Mais avant de vous lancer tête baissée, assurez-vous de bien respecter ces cinq règles incontournables pour approcher un éditeur. Et mettez plus de chance de votre côté.

 

1re règle : vérifiez la ligne éditoriale des éditeurs

 

Avant tout envoi de manuscrit, vérifier la ligne éditoriale de chaque éditeur auquel vous comptez envoyer votre manuscrit. Si vous ne respectez pas cette règle… l’échec est garanti !

Qu’est-ce qu’une ligne éditoriale ?

La ligne éditoriale représente les choix faits par l’éditeur, autrement dit, les genres de livres qu’il édite.

Certains éditeurs sont spécialisés dans le polar ou l’histoire (Éditions Perrin), d’autres, les auteurs étrangers (ex Gaïa Éditions, littérature étrangère principalement scandinave et serbo-croate), les récits de voyages (Transboréal)…
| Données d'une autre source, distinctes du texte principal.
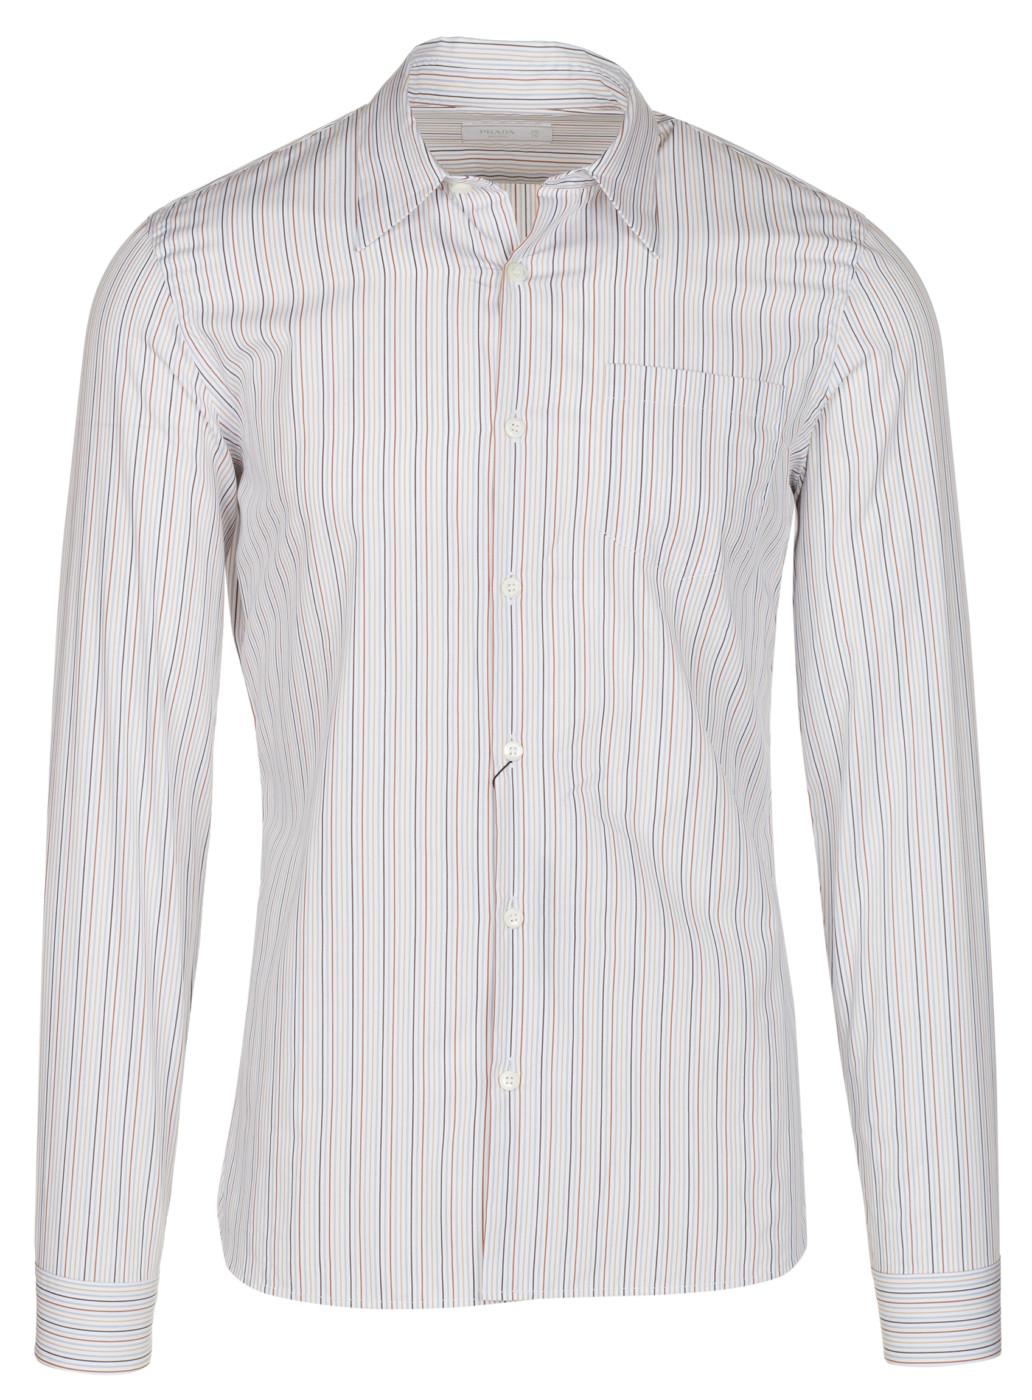 778bd04e9d3 Mens Black And White Striped Dress Shirt - DREAMWORKS

Certains éditeurs ont fait le choix d’un genre (voir les exemples), d’autres en proposent plusieurs. Néanmoins, si vous envoyez votre roman de fantasy à une maison spécialisée dans les récits de vie, les témoignages et les sciences humaines… La bataille est perdue d’avance, même si votre roman est très bien écrit !

Alors ne perdez ni votre temps, ni votre argent. Agissez intelligemment. Le maitre mot : avant d’envoyer quoi que ce soit, renseignez-vous.

2e règle : fouillez les catalogues des maisons d’édition

 

Cette deuxième règle complète la première. Je veux dire par là qu’il ne suffit pas de connaitre la ligne éditoriale pour envoyer votre manuscrit à un éditeur. Il faut aller plus loin dans la connaissance des éditeurs que vous comptez approcher.

Comment procéder ?

Tous les éditeurs possèdent un site internet. Alors rendez vous sur leur site et fouillez-les. Quelles informations chercher ?

Quelles collections proposent-ils ?

Quels ouvrages éditent-ils ?

Quels auteurs ? Vérifiez qu’ils éditent des « débutants »

Etc.

L’idéal serait même de lire un de leur livre. Ainsi vous découvrirez par vous-le style de l’ouvrage et donc si le vôtre peut intéresser.

Ne négligez pas cette étape. Elle est très importante. Faites-la très sérieusement.

 

3e règle : signifiez votre choix dans votre lettre d’accompagnement

 

Après avoir entrepris toutes ces recherches sur chaque éditeur, servez-vous des informations et expliquez votre choix de maison d’édition dans votre lettre d’accompagnement. Soyez bref mais suffisamment persuasif. Montrez à l’éditeur que votre livre est parfaitement adapté aux thématiques de sa ligne éditoriale et dans le style.

 

4e règle : dressez une liste de vos envois

 

Soyez rigoureux. Établissez une liste des éditeurs et pour chacun d’eux, notez la date de votre envoi. Cette liste vous permettra de suivre vos envois avec attention.

 

5e règle : restez patient !

 

Patient d’abord pour vos recherches (règles 1 et 2)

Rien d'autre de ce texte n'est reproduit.